Vina, Cirebon'da yaşayan genç bir kadındır. Bir motosiklet çetesinin vahşi saldırısının ardından hayatını kaybeder ve ölümünün bir kaza olarak etiketlenmesiyle sonuçlanan olay, yetkililer tarafından hemen kapatılır. Ancak Vina, ölümünün ardındaki gerçeğin gizlendiğini ve ona yaşatılan acının intikamını almak için ruhunun huzura ermediğini fark eder. Yedi gün boyunca, ölümünden önceki anıları ve olayın gizemli yönleri arasında sıkışmış şekilde, ruhu geri döner.
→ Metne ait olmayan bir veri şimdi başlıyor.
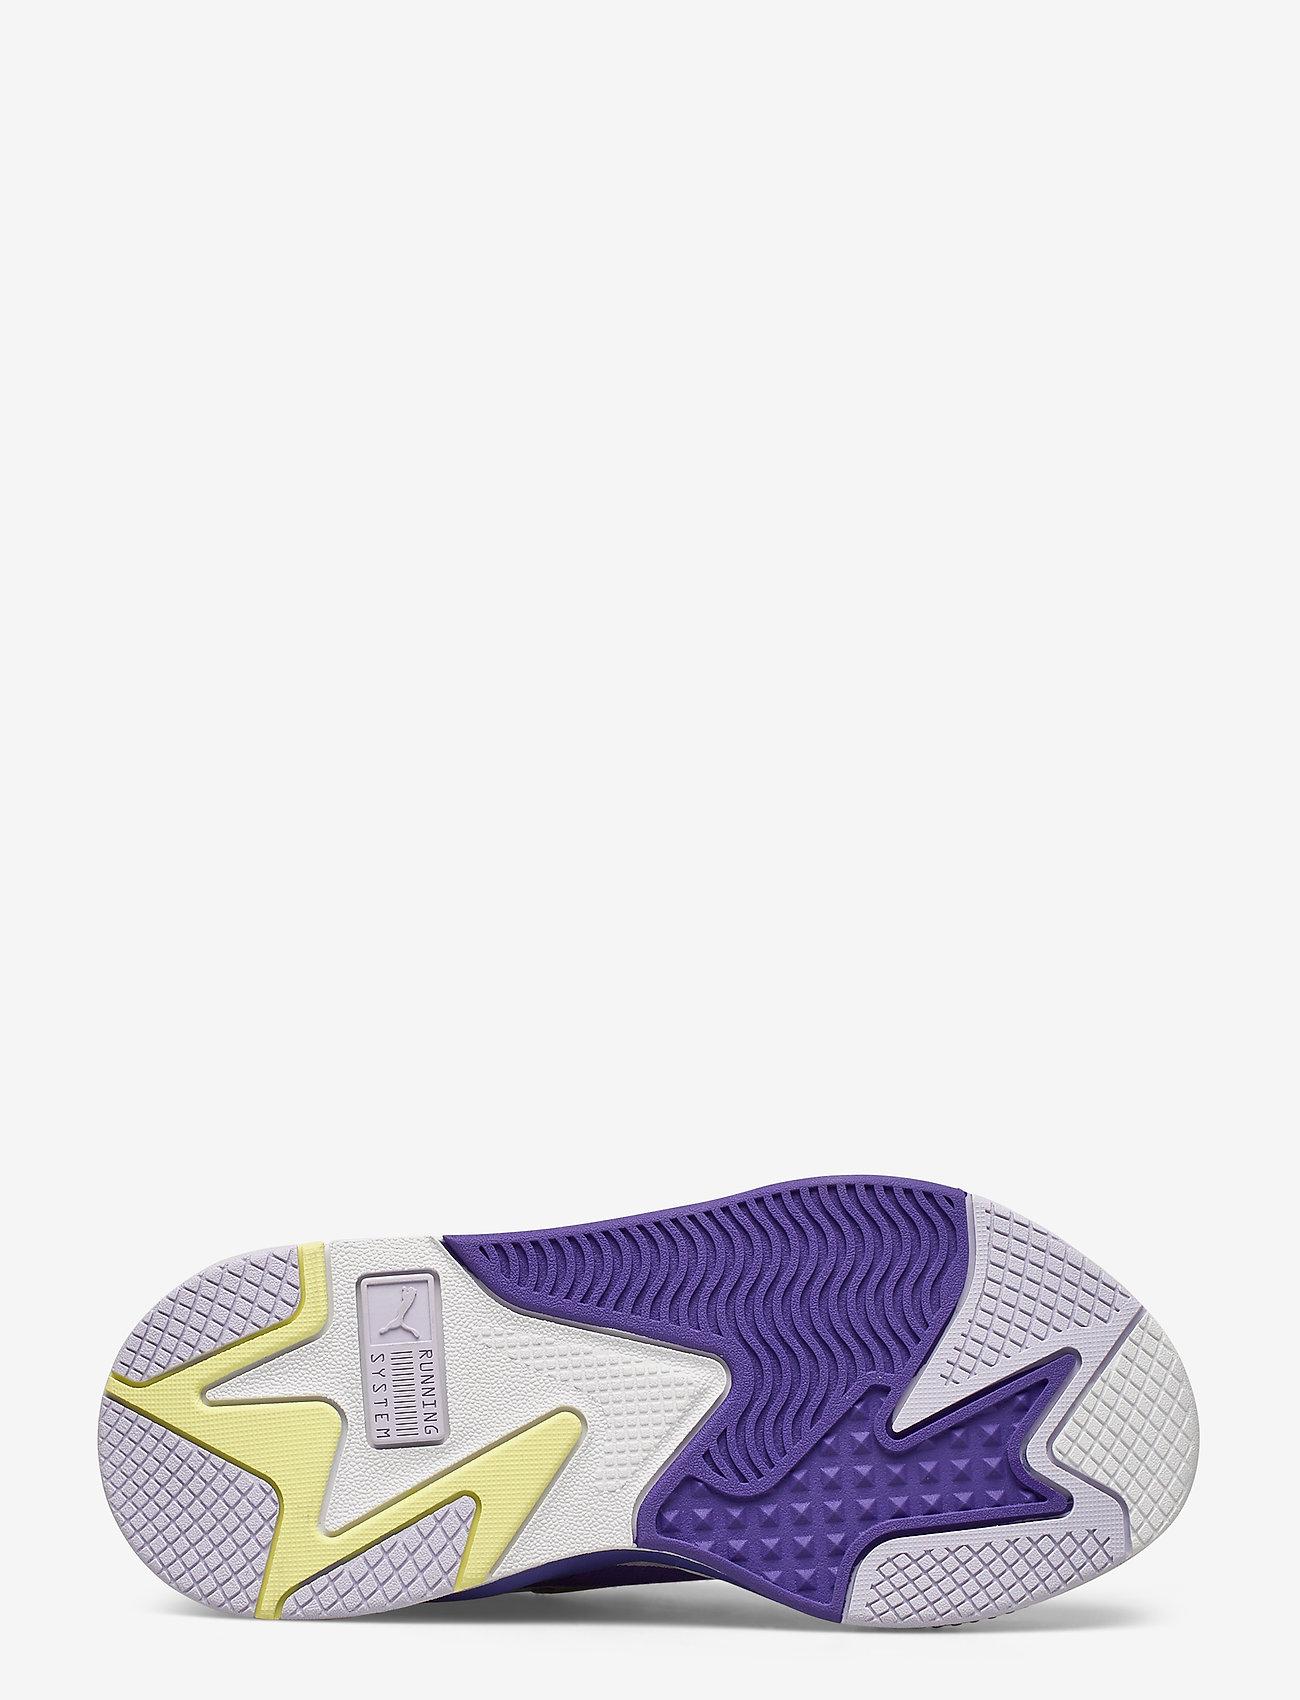 Rs-x Mesh Pop Wn's (Puma White-purple Corallites) - PUMA

Vina, ölümünden önceki son yedi günde, ardındaki katillerin kimliğini ve çetenin karanlık sırlarını ortaya çıkarmaya çalışır. Ruhunun, zamanla yarışarak bu gerçeği ortaya koyması gerektiği bir noktada, Cirebon'un karanlık sokaklarında ve çetenin zulmüne uğramış diğer kurbanlarının arasında hayaletler ve cinayetler ile karşılaşır. Olayların gizemi, yalnızca intikam arzusunu değil, aynı zamanda kişisel hesaplaşmalarını da aydınlatır.
Ruhunun geçici dünyaya yeniden dönmesi, gerçeklerin gün yüzüne çıkması ve intikam için verdiği mücadele, onu şeytani güçlerle karşı karşıya getirir. Çete üyeleri, Vina'nın ruhunun gerçeği ortaya çıkarmasına mani olmak için karanlık güçler kullanmaya başlar. Ruhunun vücuda dönme hakkı, son bir kez doğruyu ortaya koyabilmesi için doğaüstü bir mücadeleye dönüşür.